Re: Solr and Garbage Collection

2009-09-25 Thread Jonathan Ariel
I have around 8M documents.
I set up my server to use a different collector and it seems like it
decreased from 11% to 4%, of course I need to wait a bit more because it is
just a 1 hour old log. But it seems like it is much better now.
I will tell you on Monday the results :)

On Fri, Sep 25, 2009 at 6:07 PM, Mark Miller markrmil...@gmail.com wrote:

 Thats a good point too - if you can reduce your need for such a large
 heap, by all means, do so.

 However, considering you already need at least 10GB or you get OOM, you
 have a long way to go with that approach. Good luck :)

 How many docs do you have ? I'm guessing its mostly FieldCache type
 stuff, and thats the type of thing you can't really side step, unless
 you give up the functionality thats using it.

 Grant Ingersoll wrote:
 
  On Sep 25, 2009, at 9:30 AM, Jonathan Ariel wrote:
 
  Hi to all!
  Lately my solr servers seem to stop responding once in a while. I'm
  using
  solr 1.3.
  Of course I'm having more traffic on the servers.
  So I logged the Garbage Collection activity to check if it's because of
  that. It seems like 11% of the time the application runs, it is stopped
  because of GC. And some times the GC takes up to 10 seconds!
  Is is normal? My instances run on a 16GB RAM, Dual Quad Core Intel Xeon
  servers. My index is around 10GB and I'm giving to the instances 10GB of
  RAM.
 
  How can I check which is the GC that it is being used? If I'm right JVM
  Ergonomics should use the Throughput GC, but I'm not 100% sure. Do
  you have
  any recommendation on this?
 
 
  As I said in Eteve's thread on JVM settings, some extra time spent on
  application design/debugging will save a whole lot of headache in
  Garbage Collection and trying to tune the gazillion different options
  available.  Ask yourself:  What is on the heap and does it need to be
  there?  For instance, do you, if you have them, really need sortable
  ints?   If your servers seem to come to a stop, I'm going to bet you
  have major collections going on.  Major collections in a production
  system are very bad.  They tend to happen right after commits in
  poorly tuned systems, but can also happen in other places if you let
  things build up due to really large heaps and/or things like really
  large cache settings.  I would pull up jConsole and have a look at
  what is happening when the pauses occur.  Is it a major collection?
  If so, then hook up a heap analyzer or a profiler and see what is on
  the heap around those times.  Then have a look at your schema/config,
  etc. and see if there are things that are memory intensive (sorting,
  faceting, excessively large filter caches).
 
  --
  Grant Ingersoll
  http://www.lucidimagination.com/
 
  Search the Lucene ecosystem (Lucene/Solr/Nutch/Mahout/Tika/Droids)
  using Solr/Lucene:
  http://www.lucidimagination.com/search
 


 --
 - Mark

 http://www.lucidimagination.com






RE: Solr and Garbage Collection

2009-09-25 Thread Fuad Efendi
Sorry for OFF-topic:
Create dummy Hello, World!
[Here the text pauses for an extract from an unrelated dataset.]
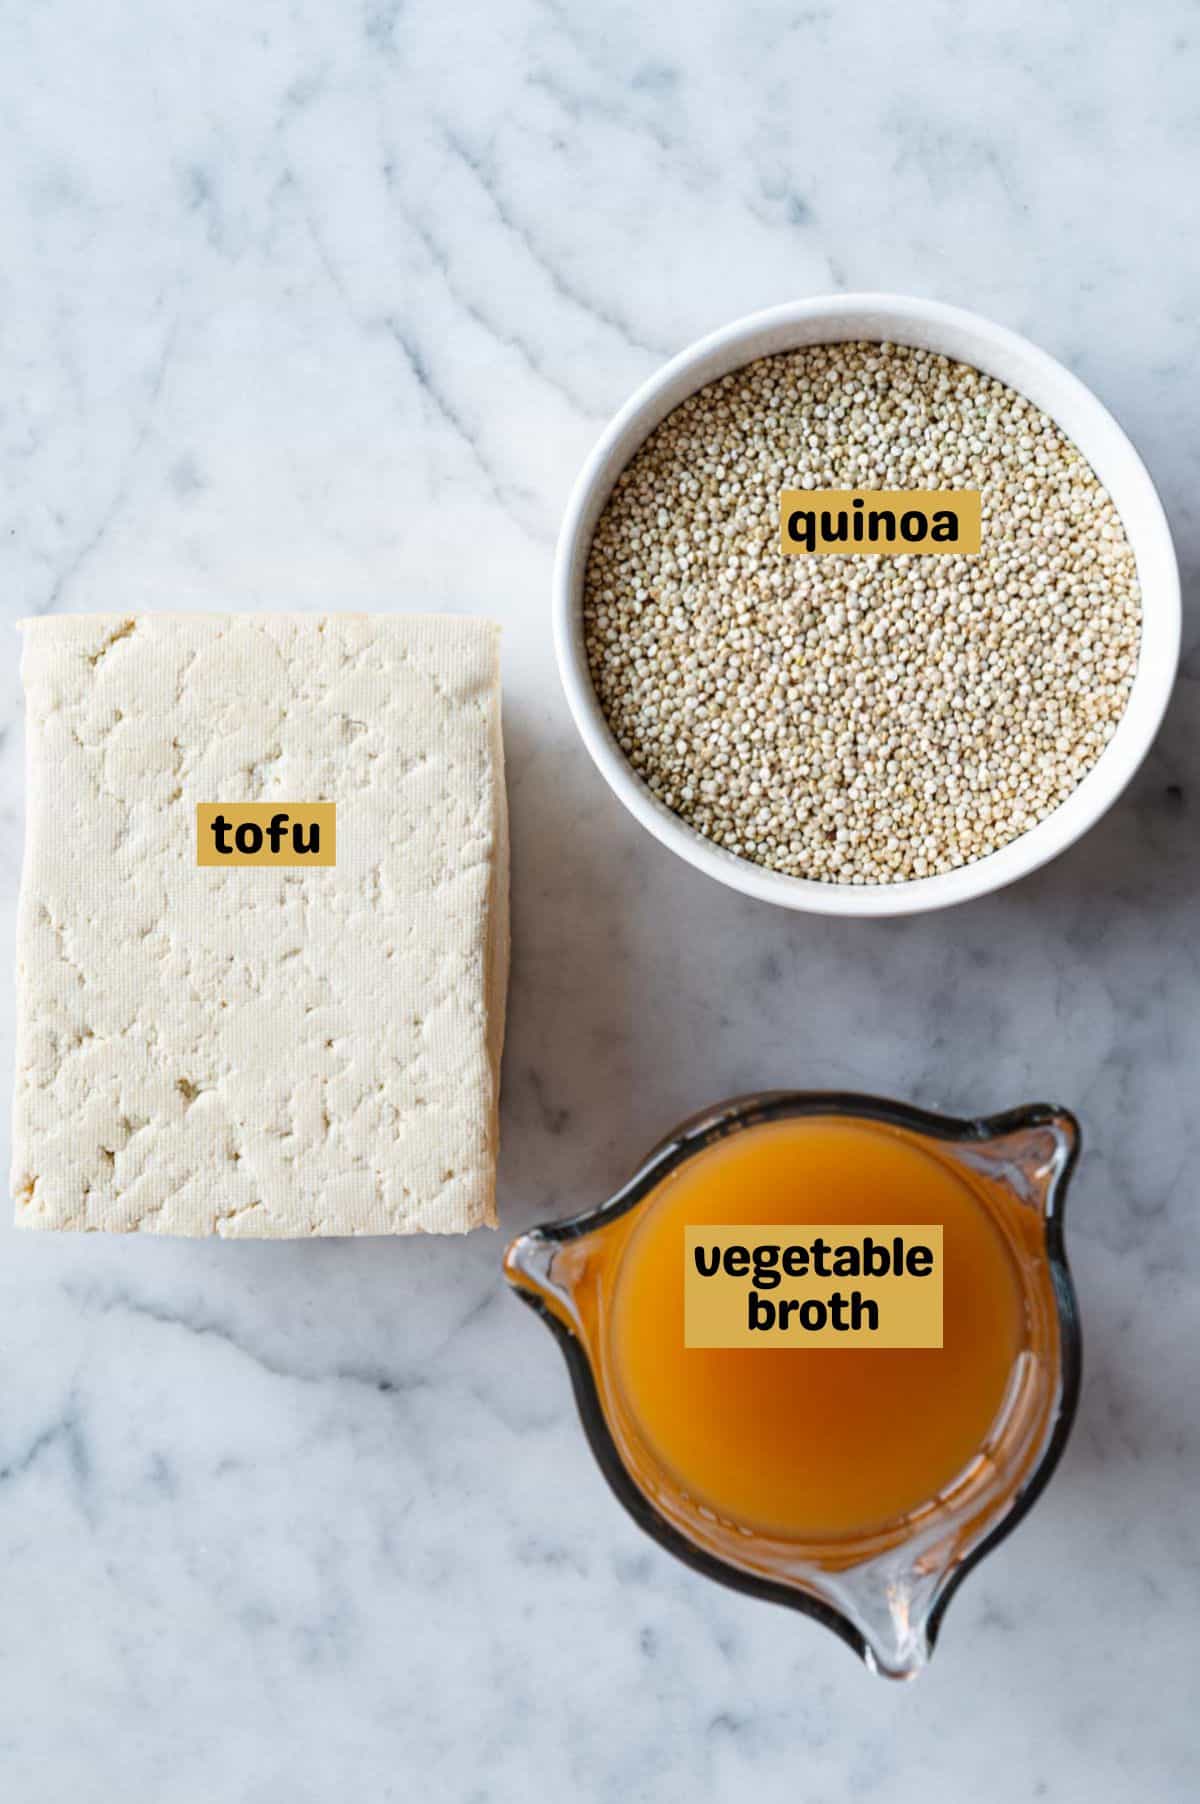 Dry quinoa in a white bowl with vegetable broth, and a block of extra-firm tofu.

JSP, use Tomcat, execute load-stress
simulator(s) from separate machine(s), and measure... don't forget to
allocate necessary thread pools in Tomcat (if you have to)...
Although such JSP doesn't use any memory, you will see how easy one can go
with 5000 TPS (or 'virtually' 5 concurrent users) on modern quad-cores
by simply allocating more memory (...GB) and more Tomcat threads. There is
threshold too... repeat it with HTTPD Workers (and threads), same result,
although it doesn't use any GC. More memory - more threads - more keep
alives per TCP...

However, 'theoretically' you need only 64Mb for Hello World :)))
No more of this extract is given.